Evaluation of Fuzzy-Neuro Modifiers for Compensation of the Effects of Muscle Fatigue on EMG-Based Control to be Used in Upper-Limb Power-Assist Exoskeletons

Assistive robotic technology can play a major role to improve the quality of life of the physically weak people such as aged, injured, disabled or handicapped. Many assistive devices have been developed according to the needs of such individuals. Especially, upper-limb power-assist exoskeletons have been able to draw attention, as the upper limb motions are very important for the daily activities.

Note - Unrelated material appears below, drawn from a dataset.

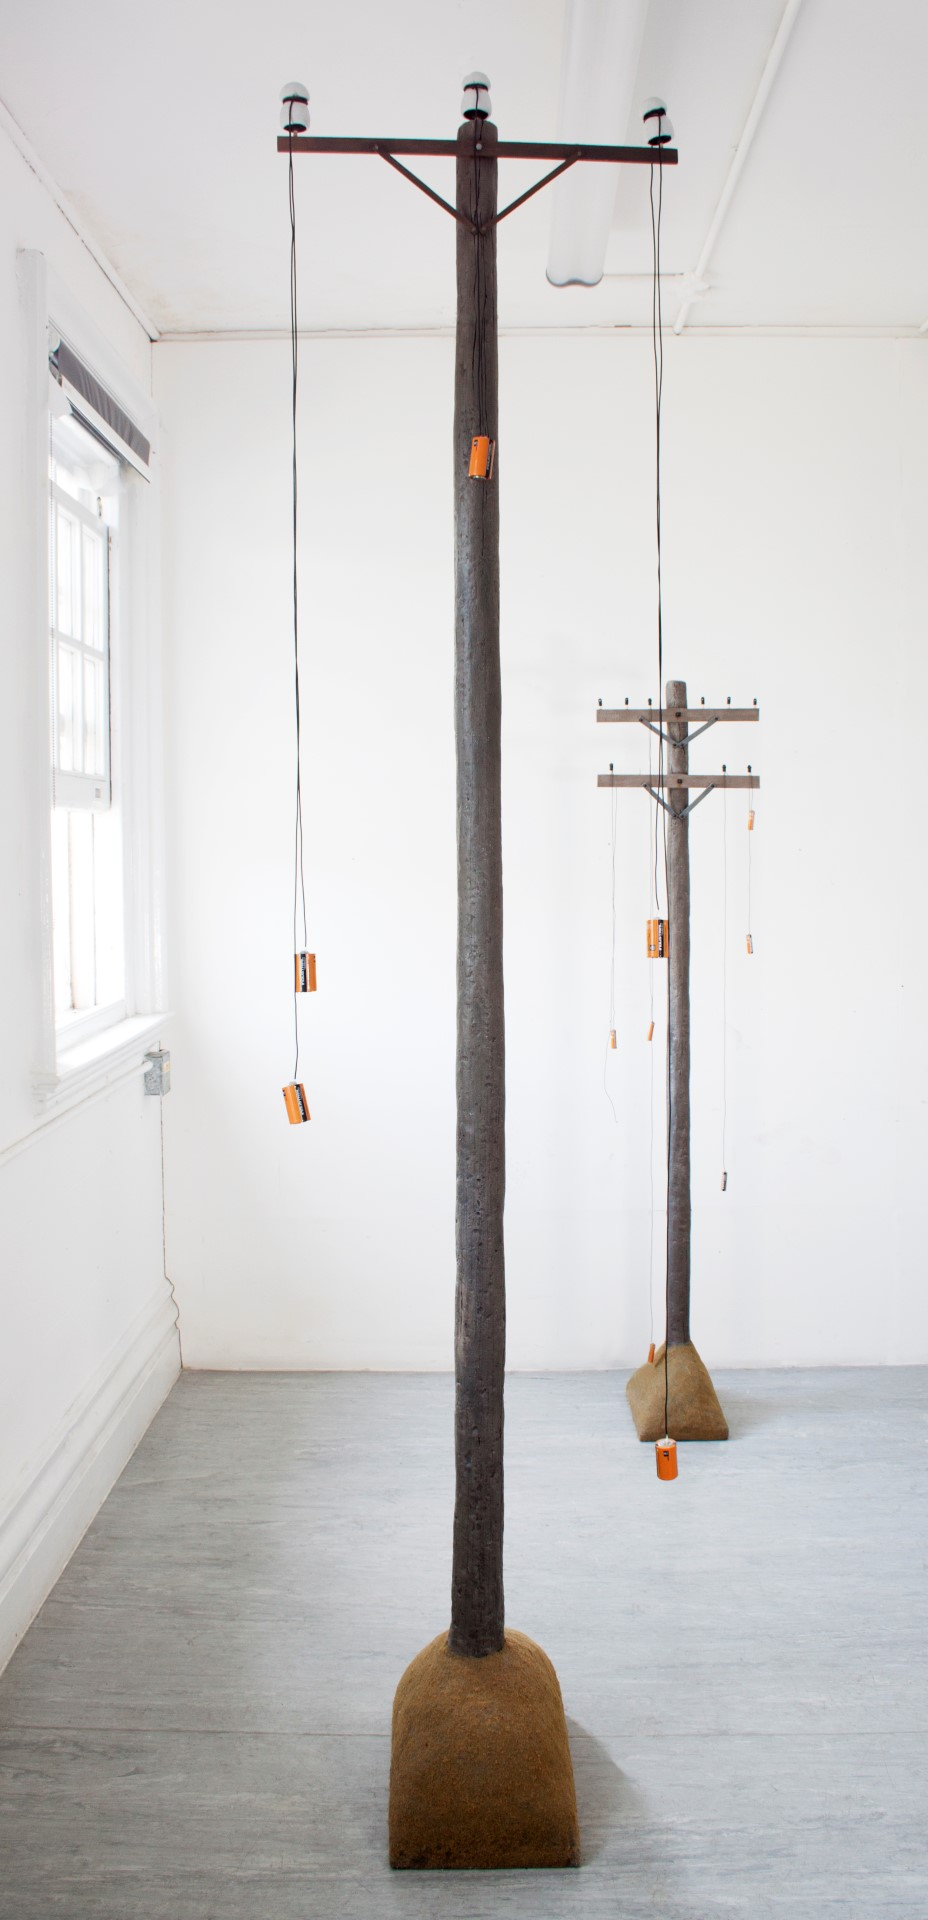 Simon Handy handiwork - a robot telegraph pole

Electromyography (EMG) signals of the upper limb muscles have frequently been used as a primary signal to control the upper-limb power assist exoskeletons, because the EMG signals directly reflect the motion intention of the user. However, one of the main problems for EMG-based control is the muscle fatigue, because the muscle fatigue can affect the EMG patterns. When the user's muscles get fatigued, it is required to consider the variety of EMG signals on the EMG-based controllers. In this paper, the effects of muscle fatigue on EMG-based control are analyzed based on upper-limb elbow flexion/extension motions and fuzzy-neuro modifiers which intend to compensate for the muscle fatigue effects based on a combination of EMG Root Mean Square (RMS) and EMG Mean Power Frequency (MPF) are proposed. The effectiveness of the proposed fuzzy-neuro modifiers for compensation of the effects of muscle fatigue are evaluated by conducting experiments.